[Opening Dataset content section]

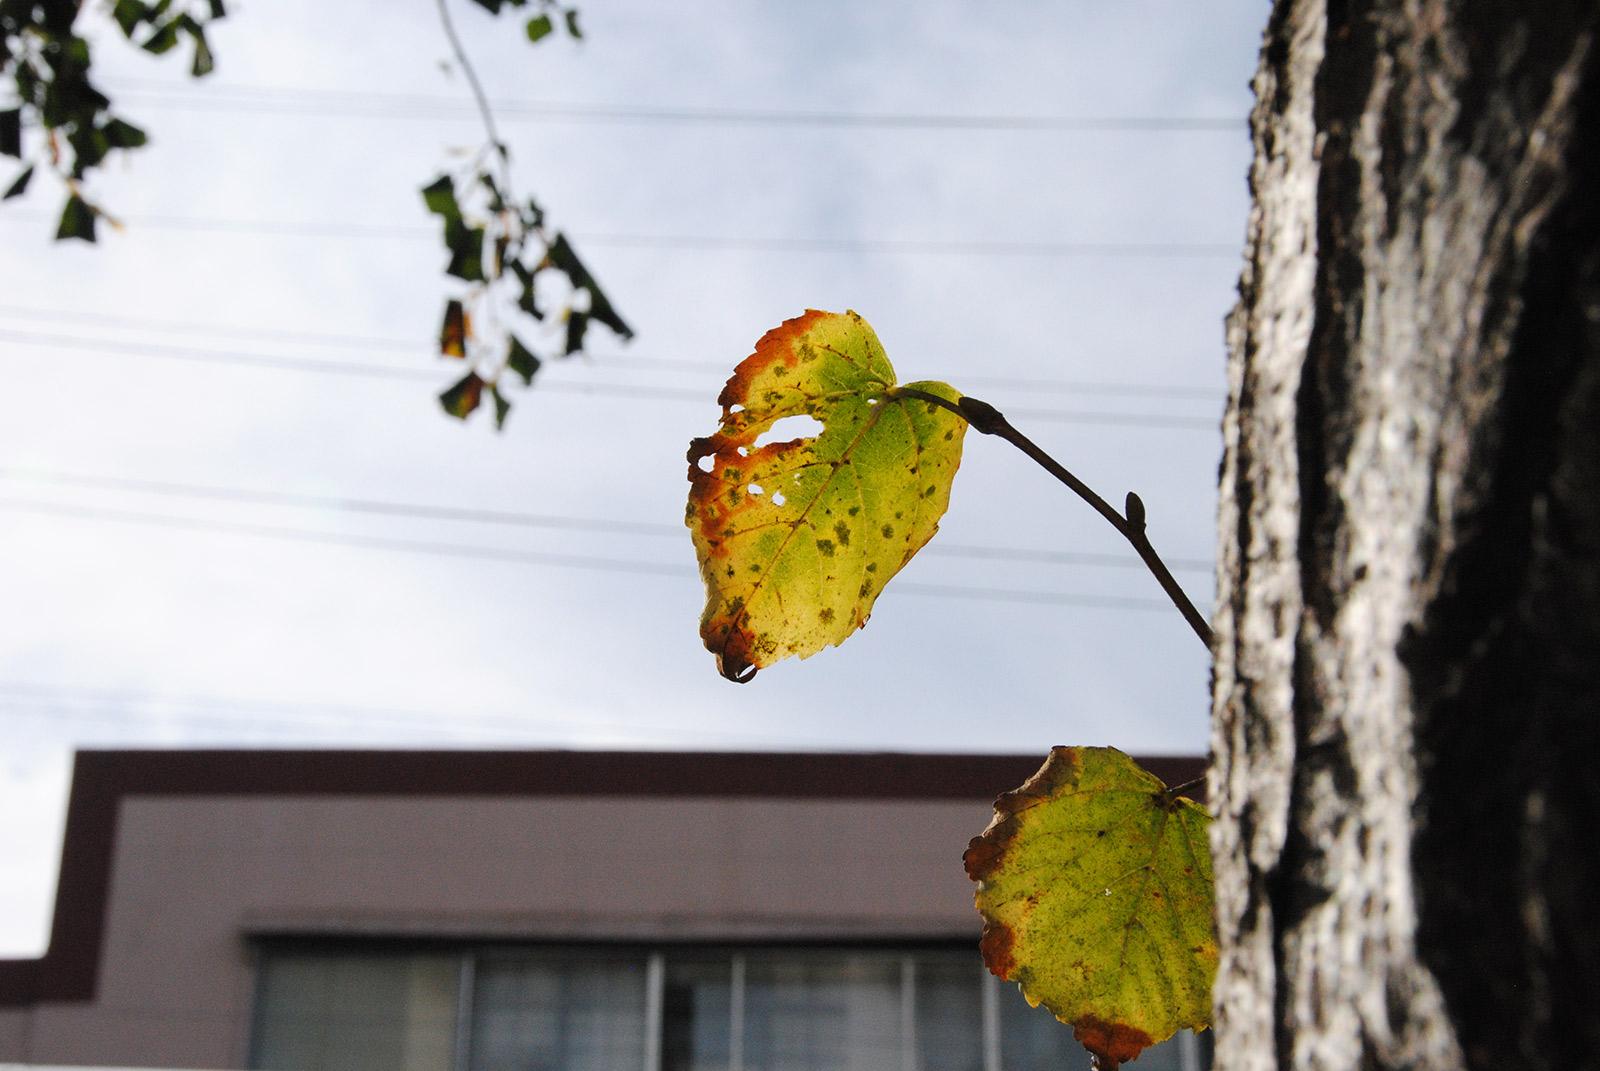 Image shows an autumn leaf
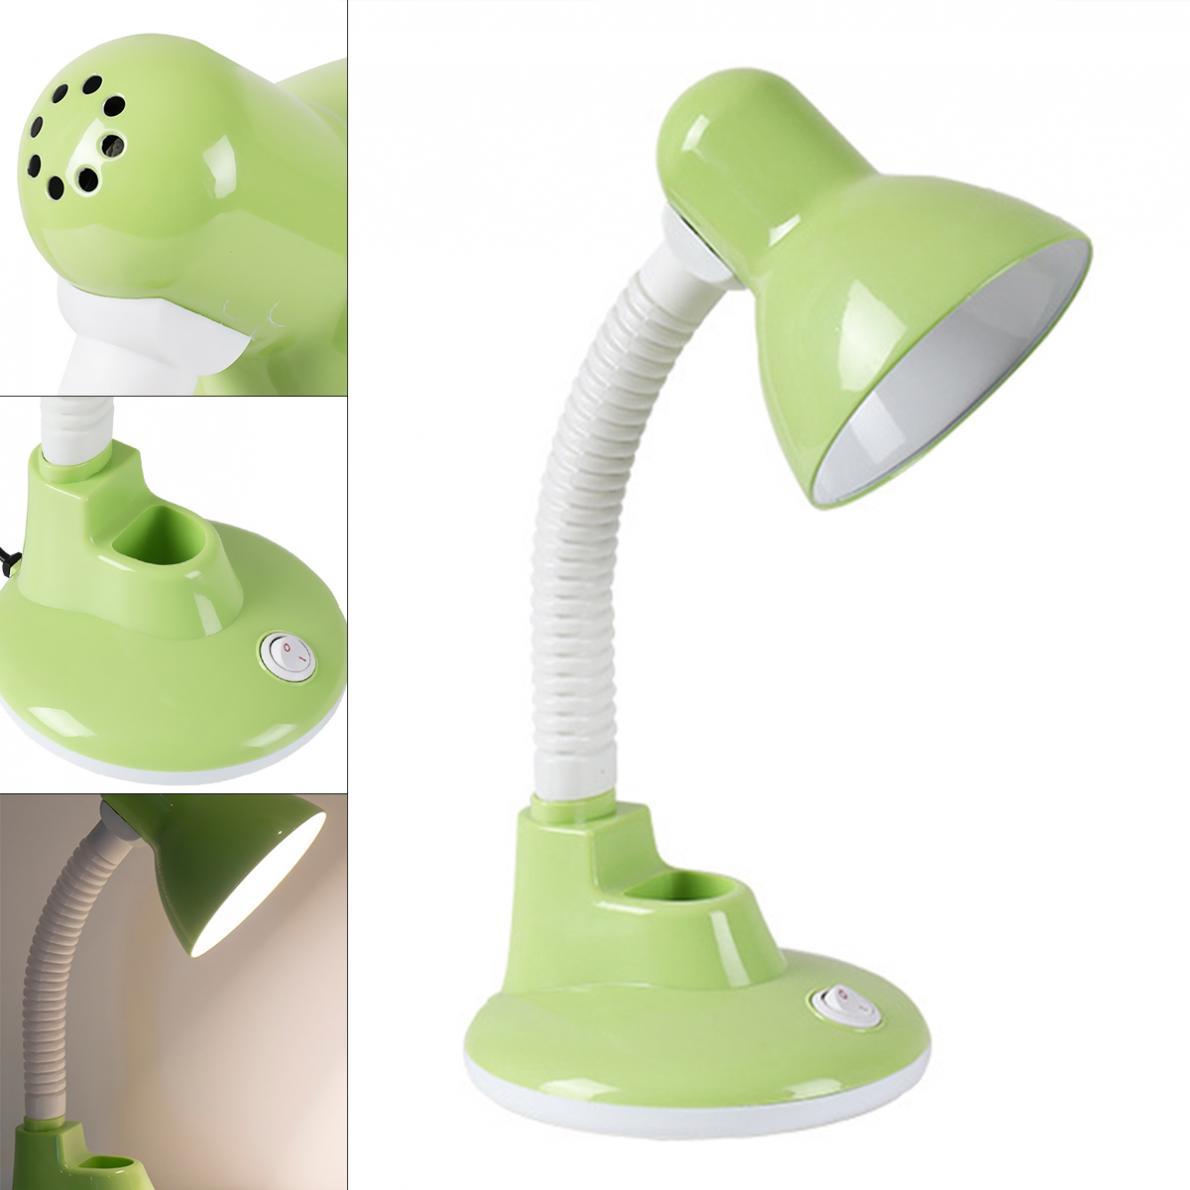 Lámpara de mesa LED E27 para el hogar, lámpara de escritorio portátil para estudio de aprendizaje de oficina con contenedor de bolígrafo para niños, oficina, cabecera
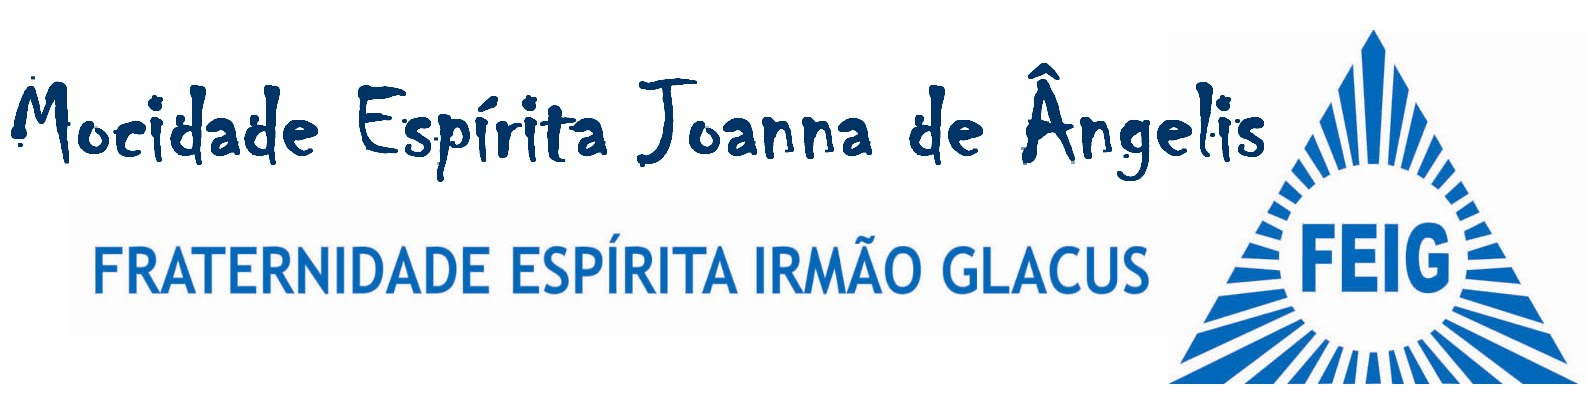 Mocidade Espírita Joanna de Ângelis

[Closing Dataset content section]

- Prompt -
Pictures must be left out. Repeat exactly the lines from the one containing "Lámpara de mesa" through the final line of the data.

- Expected answer -
 Lámpara de mesa LED E27 para el hogar, lámpara de escritorio portátil para estudio de aprendizaje de oficina con contenedor de bolígrafo para niños, oficina, cabecera
 Mocidade Espírita Joanna de Ângelis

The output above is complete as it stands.